Note: Approval ratings are for presidents on the day of the midterm election or in the most recent poll or average available before the midterm except for Trump, where his approval average is as of Wednesday, March 29.
Source: Gallup for presidential approval from Truman through Clinton, RealClearPolitics average for Bush, Obama, and Trump. Net loss for the president’s party in Congress and gubernatorial races is from The Surge.
As you can see, the president’s party typically loses ground in Congress and in statehouses during midterms, a consistent trend throughout American history. Even popular presidents aren’t immune to these losses: Dwight Eisenhower, for instance, was well-liked for essentially his entire presidency, but Republicans lost ground in both of his midterms (including a huge defeat in 1958 thanks to a deep recession). But some popular presidents can mitigate or even avoid midterm losses: John F. Kennedy (1962), George H.W. Bush (1990), Bill Clinton (1998), and George W. Bush (2002) all saw limited losses or slight gains in some cycles.
Unpopular presidents, or even those with middling approval ratings, uniformly see their parties do poorly in the midterm. Eight postwar midterms were contested under presidents with weak approval: That includes the six elections where the president was underwater (1946, 1950, 1982, 2006, 2010, and 2014) or was basically at equal approval and disapproval (1966 and 1994). In those elections, the president’s party lost, on average, 40 House seats each election. Yes, this is a small sample size, and Republicans have a number of advantages in the House right now, including a stable of strong incumbents in their most vulnerable seats and favorable maps in many states (we explained these advantages in more depth in our initial House ratings released a couple of weeks ago — Democrats need to net 24 seats to win the House next year).

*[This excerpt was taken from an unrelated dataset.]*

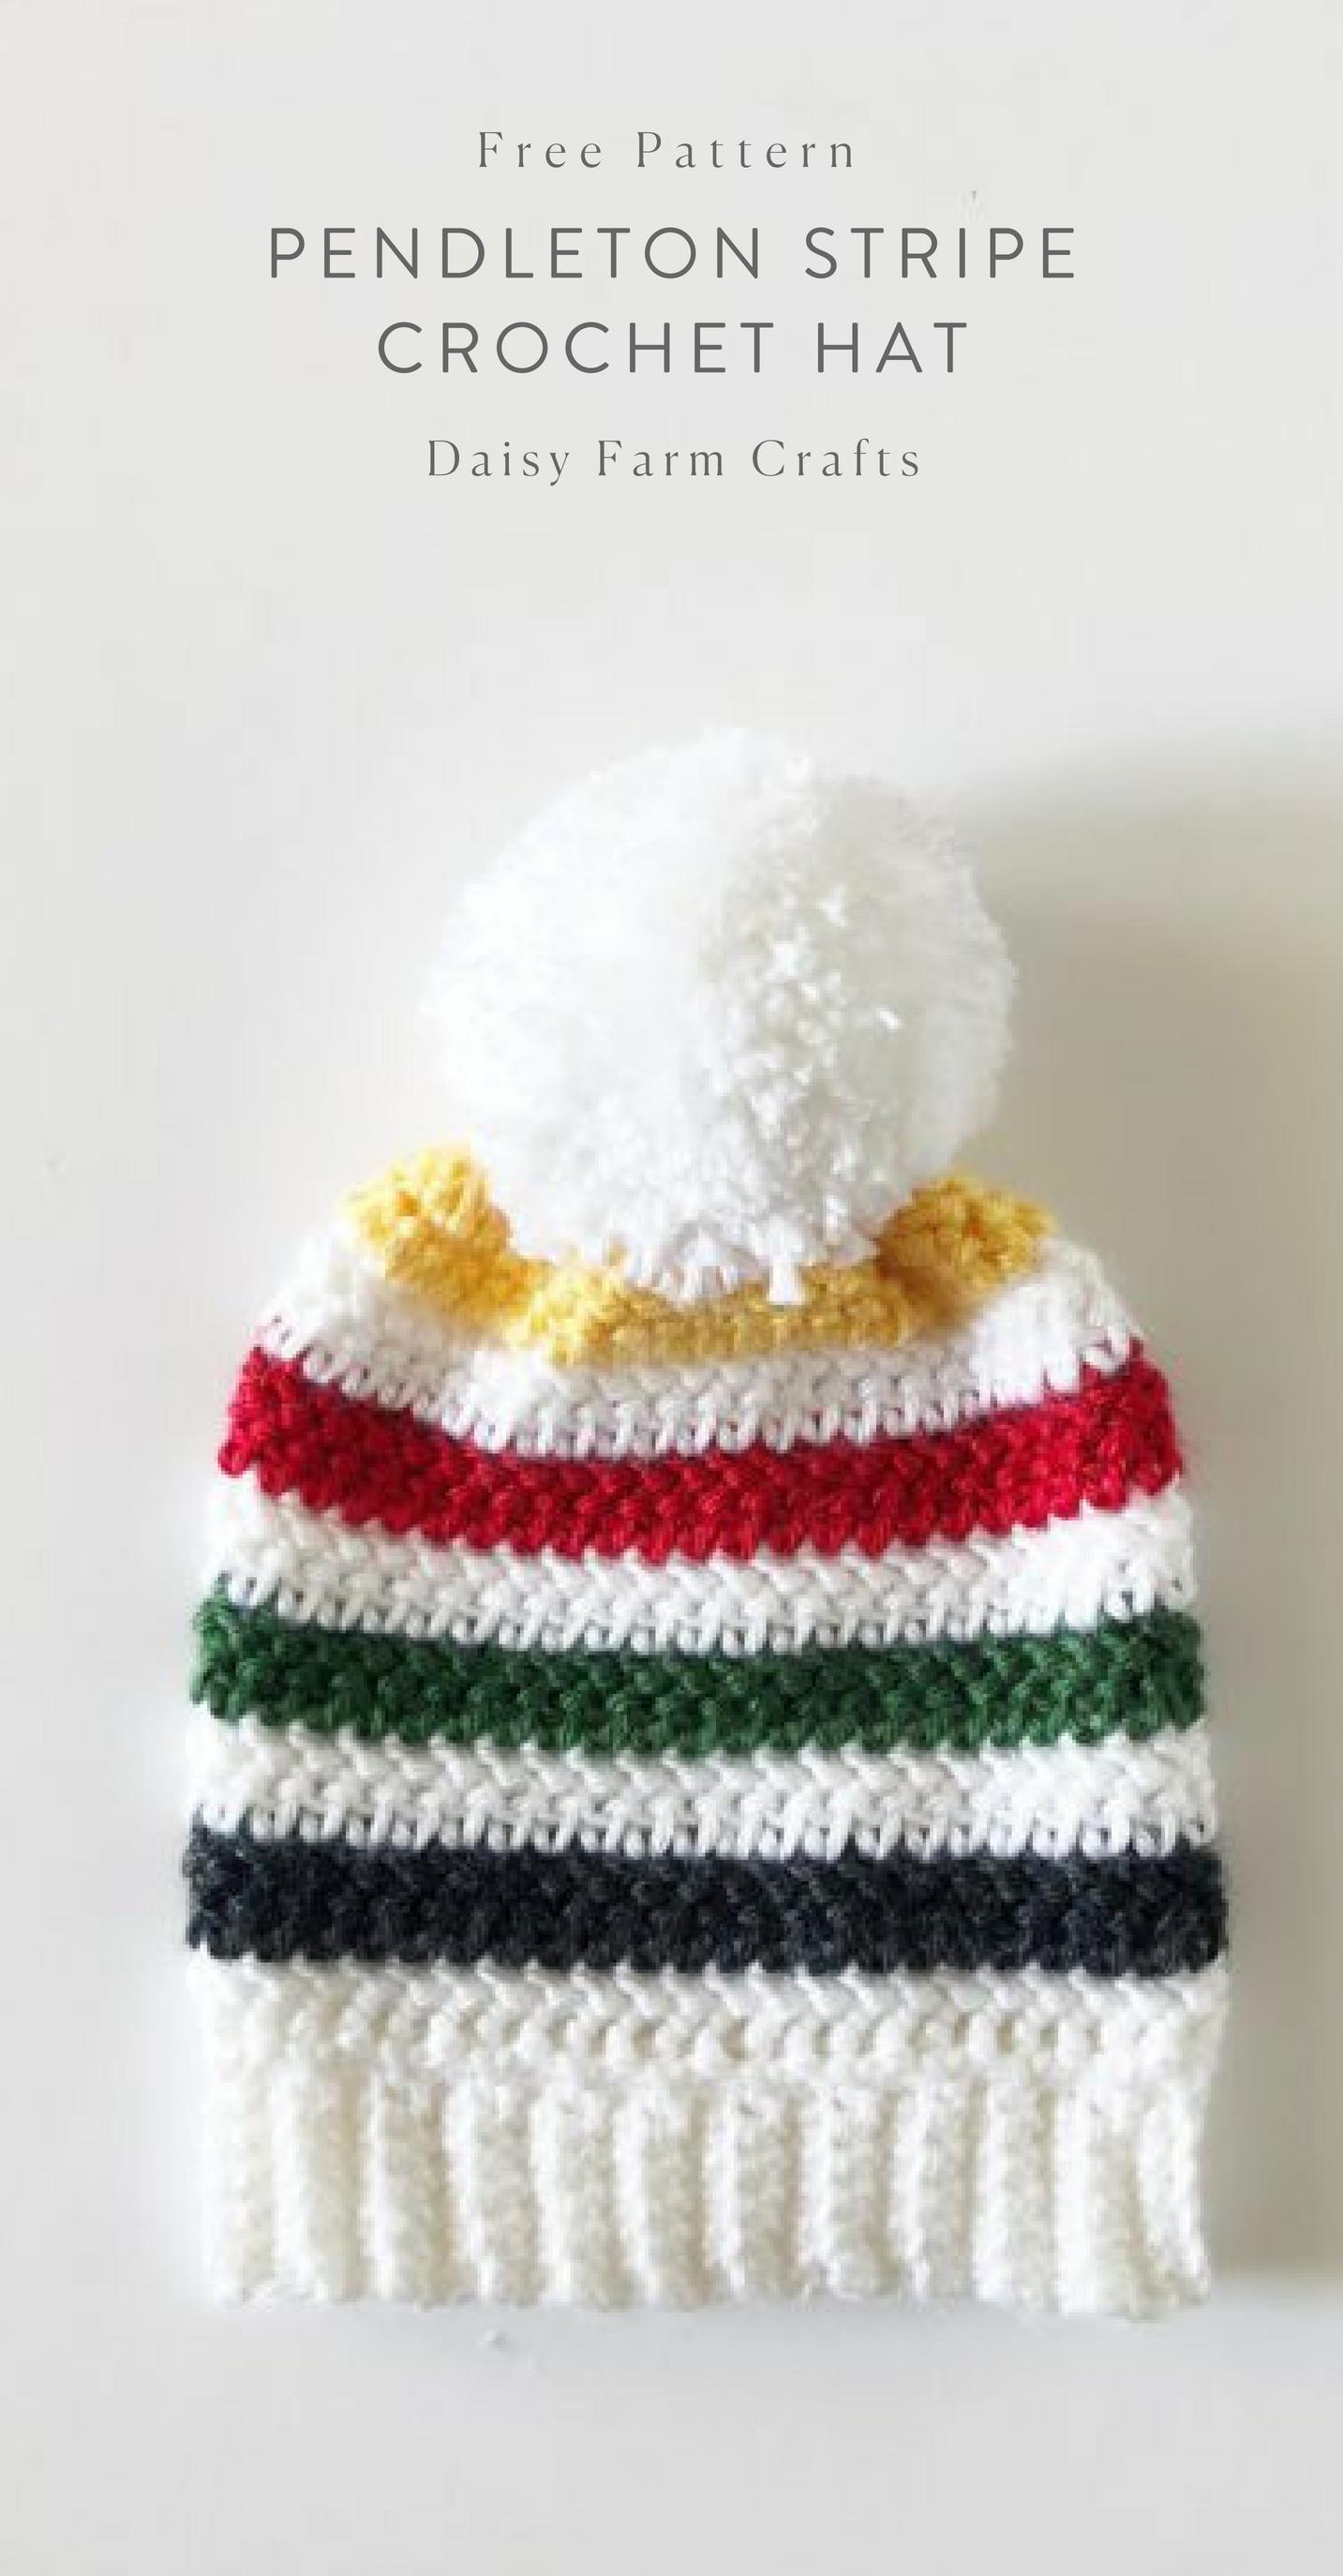 Free Pattern - Pendleton Stripe Crochet Hat   Tejidos   Pinterest ...

A potentially scary thing for Republicans, though, is that even at a weak -11 net average approval, Trump’s numbers may be artificially high. Despite the swirling crises of Trump’s first couple of months — the AHCA failure, the travel ban’s legal travails, Trump’s never-ending flow of factually dubious statements, questions about the Trump campaign’s interaction with Russia, etc. — the nation and world are fairly tranquil right now. There has not been a major terrorist attack in the United States so far this year, the stock market is strong, and baseline economic statistics like GDP growth and employment have been solid. Americans’ consumer confidence, as measured by the University of Michigan, is near 100, or better than it was for almost all of Barack Obama’s presidency. While still negative, right direction/wrong track polling has improved since Trump’s election. What happens to Trump if/when there is a crisis that is not of his or his party’s own making? What happens if there is an economic downturn? The United States has experienced 77 straight months of positive job growth, a record — isn’t it likely that a record-long streak will not continue in perpetuity? The flip side of that is if Trump and his administration do get their act together, Republicans might have some positive things to run on next year if conditions remain the same as they are now.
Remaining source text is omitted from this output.